Single Template Modelling

Modeller

We chose the structures 2GU2, 3NH4 and 2QJ8 as our templates, since they were either without alternative or best in their group. With standard parameters, we got the following models; in one case, modeller tried to align our target onto the while homodimer sequence of the template, which resultet in nonsens. In accord with the instructions, we didn't do any optimization in this step; we did enforce use of one specified chain later.

Experimental structure (green) vs. 2GU2 standard parameter model
Experimental structure (blue) vs. 3NH4 standard parameter model
Experimental structure (violet) vs. 2QJ8 standard parameter model

We found that in the case of 2GU2, no editing was necessary. The non-SSE-aware alignment aligned the target nicely with the B chain (which is pretty much identical to the A chain and therefore OK); there were no gaps in functional regions or any other issues, so we left it untouched.

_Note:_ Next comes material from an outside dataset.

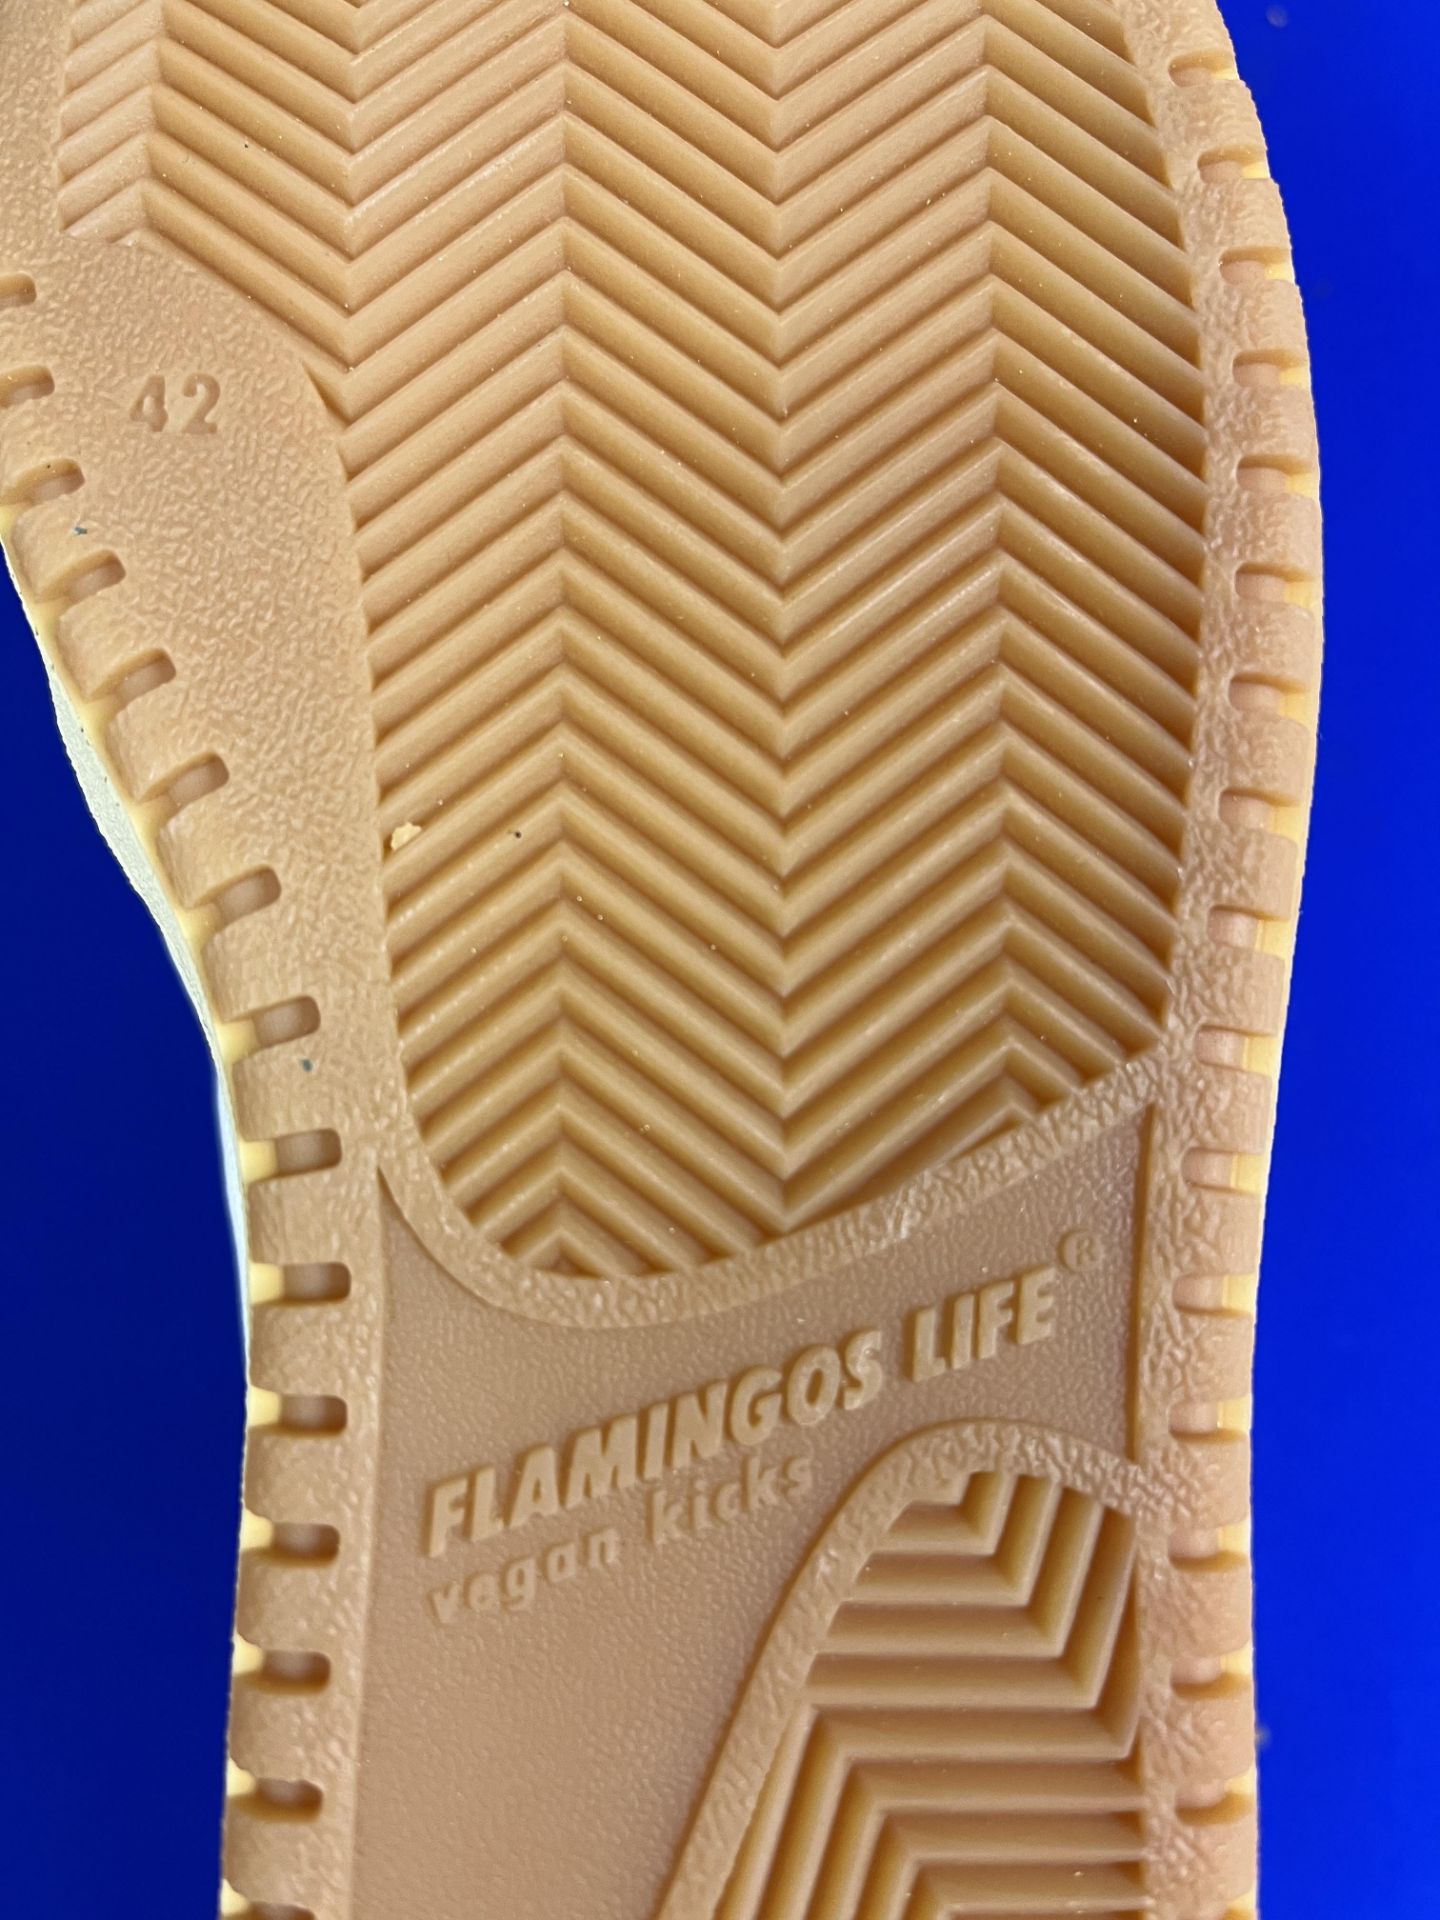 Flamingos Life HighTop Leather Trainer - White/Sage - Size UK 8 - Image 4 of 4

The same was true for 3NH4; what gaps we found were either very sensible or without import. Consequently, we did not modify this alignment either.

In the case of 2QJ8, not entirely unexpected problems arose; here, modeller's alignment algorithm had chopped the target sequence into many small segments separated by long stretches of gaps in a futile attempt to produce a global alignment over the whole homodimer sequence. We solved this by building a new PDB file with one chain removed and re-constructing the model. The result was a marked improvement on the previous attempt:

Experimental structure (violet) vs. 2QJ8 edited PDB with standard parameter model


SwissModeller

We also submitted our target and the three selected templates to SwissModeller. Superposited images of the resulting structures versus the real experimental one are shown on the right of this page.

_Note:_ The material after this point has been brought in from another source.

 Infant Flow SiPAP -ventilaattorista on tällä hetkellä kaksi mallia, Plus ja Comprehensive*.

Experimental structure (violet) vs. 2GU2 SwissModeller model
Experimental structure (blue) vs. 3NH4 SwissModeller model
Experimental structure (violet) vs. 2QJ8 SwissModeller model


iTasser

We could not complete this step, because iTasser stated that it had a very very long back queue and would process our jobs once all pending jobs were done; that was all we ever received from it. We will append the structures to this document if iTasser should ever happen to finish our jobs, however unlikely a prospect that may be after all the waiting we've already done.


Multiple Template Modelling

We also tried using all three templates from the third identity segment to construct one model. We let Modeller construct an MSA by itself and tried to edit it, quickly giving up since we could not effect any visible improvements and, by contrast, even produced models that looked worse on visual inspection in PyMol.

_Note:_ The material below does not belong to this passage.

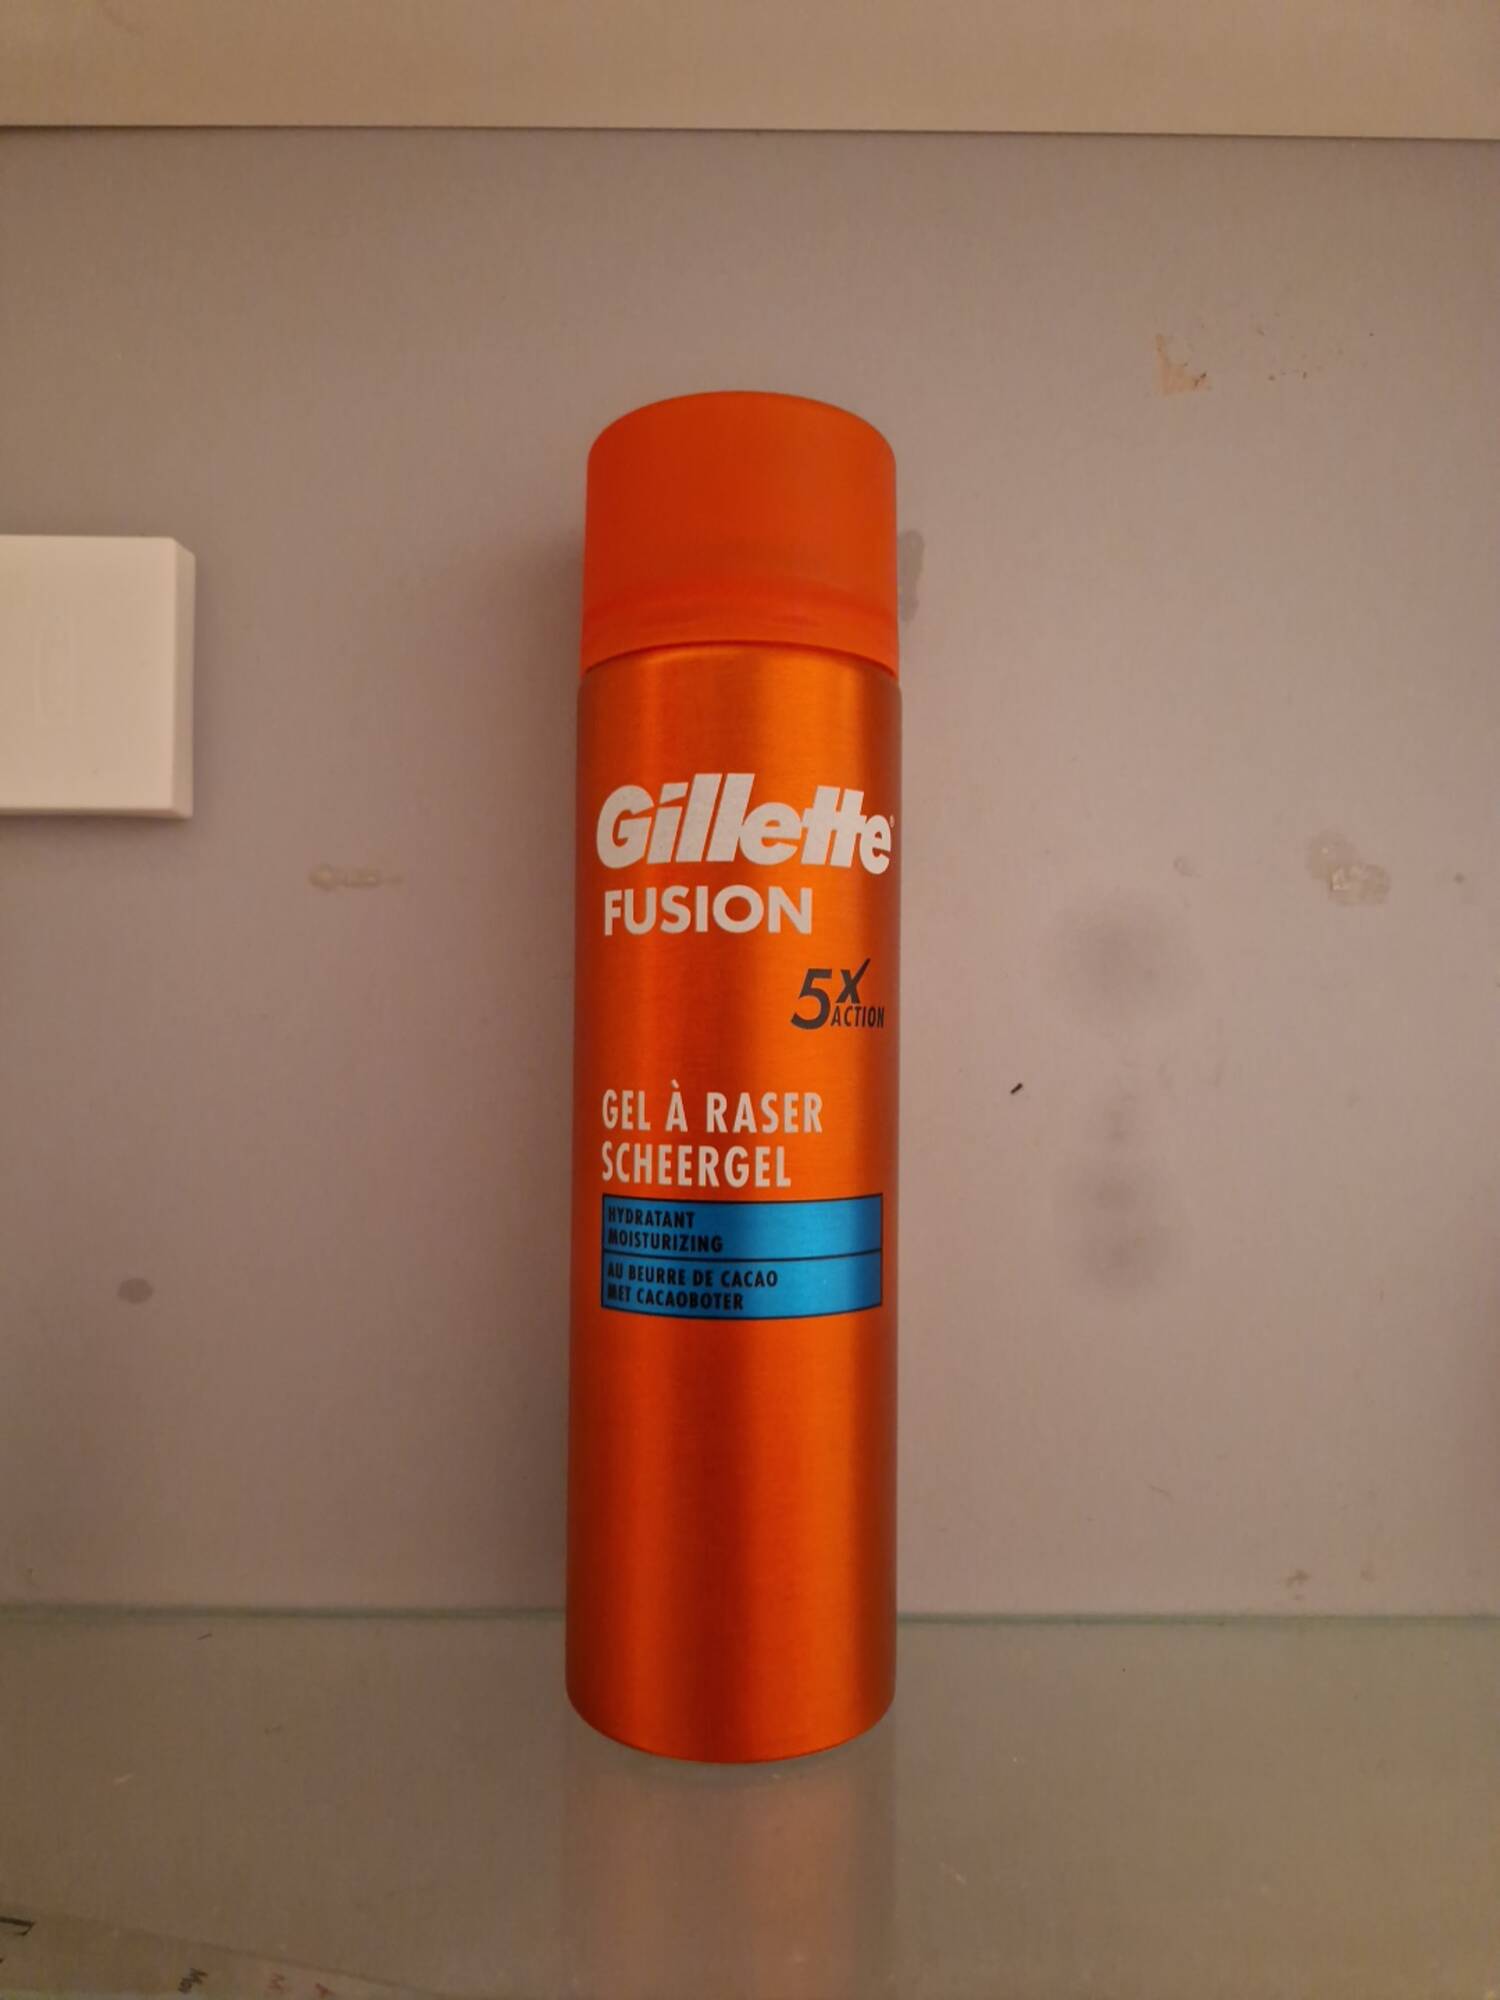 GILLETTE - 5x action fusion - Gel à raser

This step returned the following structure:

Experimental structure (violet) vs. multiple template model


Evaluation

For superposition images the structure documented on our disease Wiki page, 2O53, was used. The pictures are shown on the right.

Model RMSD TM Score
Modeller edited 2QJ8 2.304 0.5024
Modeller Multi-template 0.427 0.9801
Modeller standard 2GU2 0.412 0.9858
Modeller standard 2QJ8 2.467 0.2706
Modeller standard 3NH4 0.776 0.9662
SwissModel 2GU2 0.413 0.9787
SwissModel 2QJ8 1.746 0.5494
SwlssModel 3NH4 0.769 0.9651


Discussion

The best method is modeller with the 2GU2 template; since the similarity between 2GU2 and the target is extremely high, it is hardly surprising that one of these models happens to be the best one generated; what does come as a surprise is that Modeller outperforms SwissModel for this structure, albeit only by a very small margin. Also very good performance was reached by using multiple templates with Modeller; here, the result is almost as good as that which used the 2GU2 template. This is interesting, as the templates used were of very bad quality, with the one most similar to the target, 2QJ8, leading to extremely bad results when used as single template. Here Modeller outperforms SwissProt again, although this time in screwing up badly.

Modeller appears to lean more towards extremes; its extreme cases are both better and worse than thouse of SwissModel. Sequence similarity played a big role, with 2GU2 being always the best one by a comfortable margin, 3NH4 second best and 2QJ8 pretty much catastrophic. That this can be compensated by combining information from three bad structures is quite fascinating.